Information duplication is not a new problem and many tools and techniques already exist to prevent it. In this section I'll consider some of the most common cures for information duplication.
- Development process
- Some development teams resolve information duplication by making redundant information modification part of a strict development process. This solution can be tedious, since it requires supervision and reviews, but it is effective.
- Well-designed code
- Well-designed code coupled with re-use of constants can reduce code duplication problems. Code-driven solutions work best when all the parts in your application are written in the same language.
- Model-driven tools
- The concept of model-driven development is to read the application model as
a configuration. The biggest advantage of model-driven tools is that they automate tedious tasks related to the objects and their relationships. Here's a rundown of popular tools for model-driven development:
- The Eclipse Modeling Framework (EMF): Stores the layout of your classes and fields. It generates Java classes, network interfaces, and even database mappings for your application. By generating objects, EMF automates the tedious part of writing methods such as getters, setters, equals, copy, clone, serialization, and others. EMF uses configuration files that can store many object definitions. In multi-user environments, merging those files can cause a few problems. EMF is restricted to the objects of the application, their relationships, and their methods. It doesn't provide any help for handling custom business rules.

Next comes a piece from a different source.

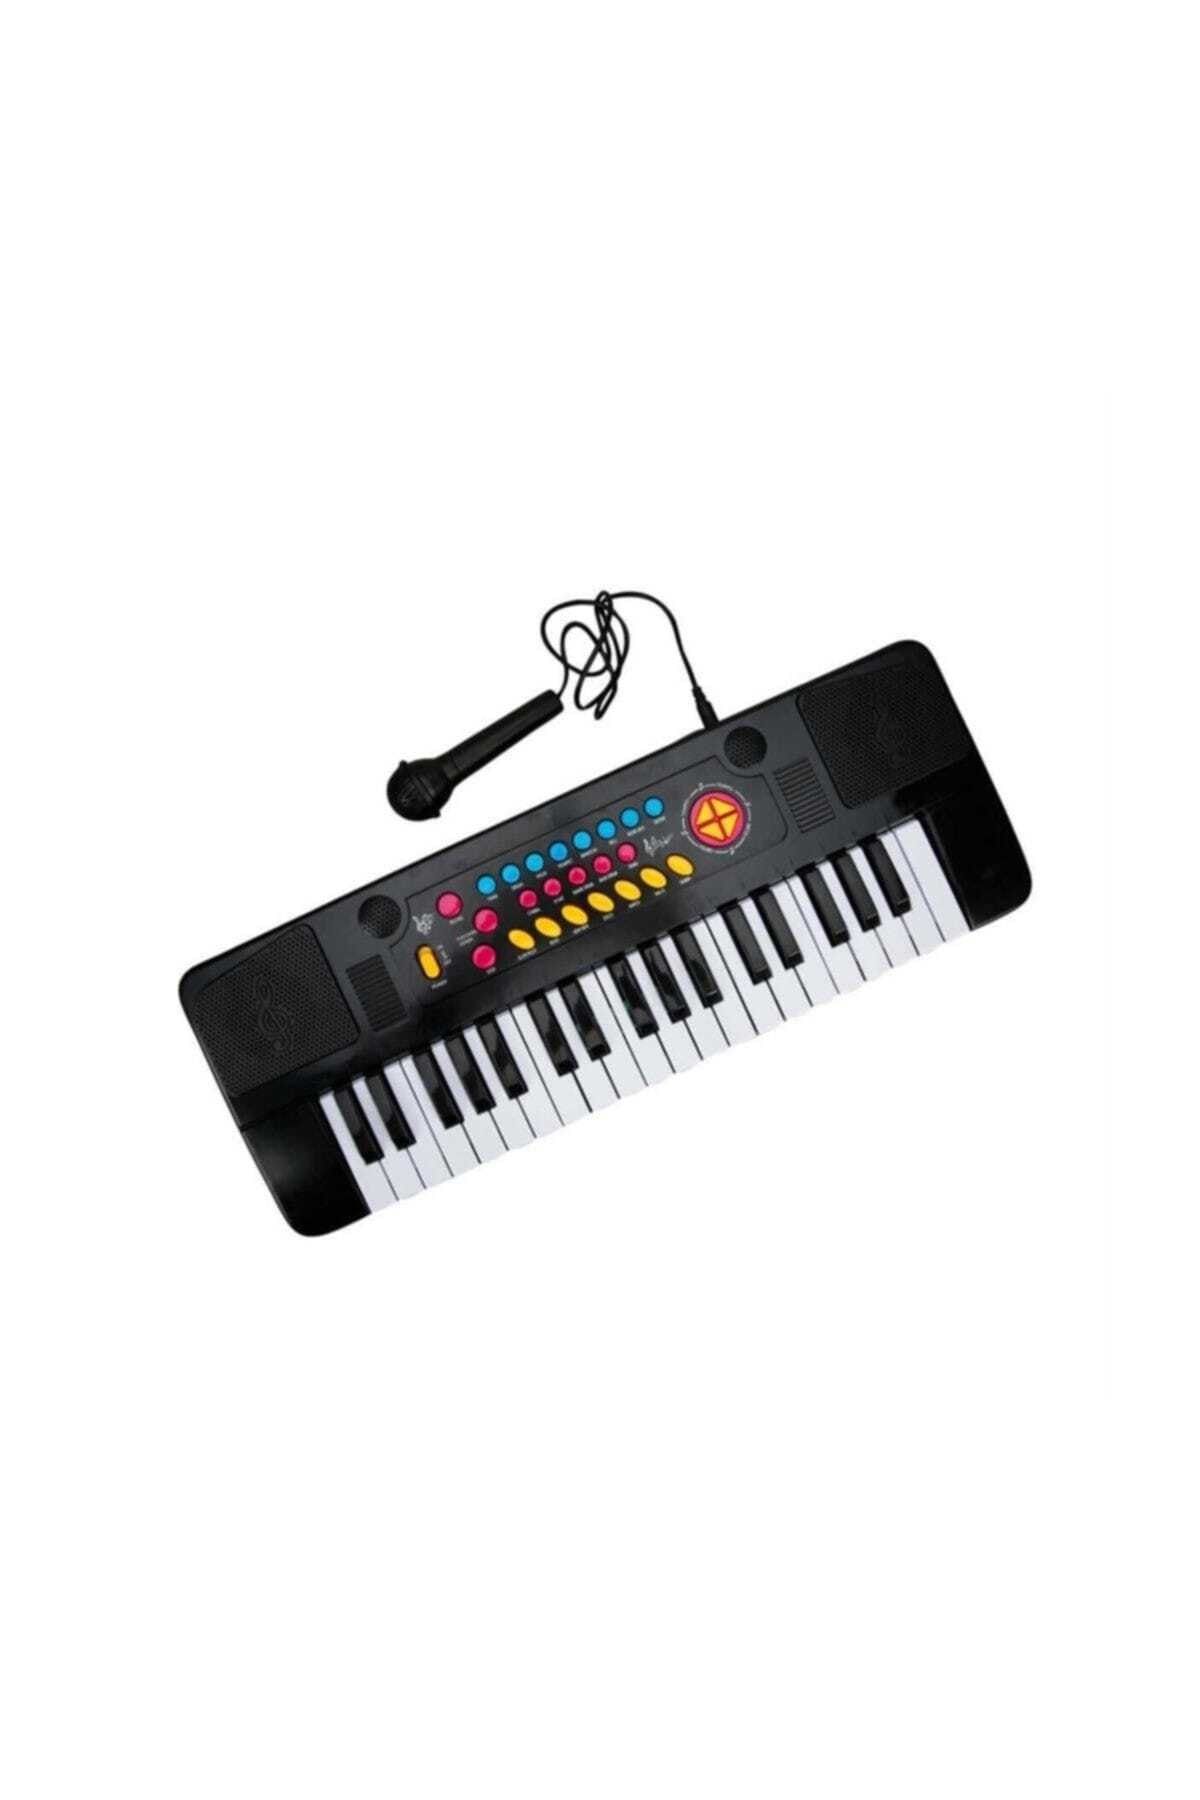 Anka Toyrosso Piyano 37 Tuşlu Elektronik Org Piyano Mikrofonlu

- UML2: Describes and illustrates the application through diagrams of class relationships, fields, and logic. The advantage of UML is that it is language neutral. Once the logical design is done, it is theoretically possible to generate objects in many languages.
- Ruby on Rails: Extracts the configuration of your model from the database schema. It then generates scaffolding to handle business logic, a Web-based user interface, and unit tests. The major productivity gain lies in the ease with which database schema changes are propagated in the code.
How CDD works
I've already described the basics of configuration-driven development. To better understand how it works, consider an example drawn from the real world. In this section I'll describe the configuration-driven development solution my team adopted for developing parts of the Rational Portfolio Manager.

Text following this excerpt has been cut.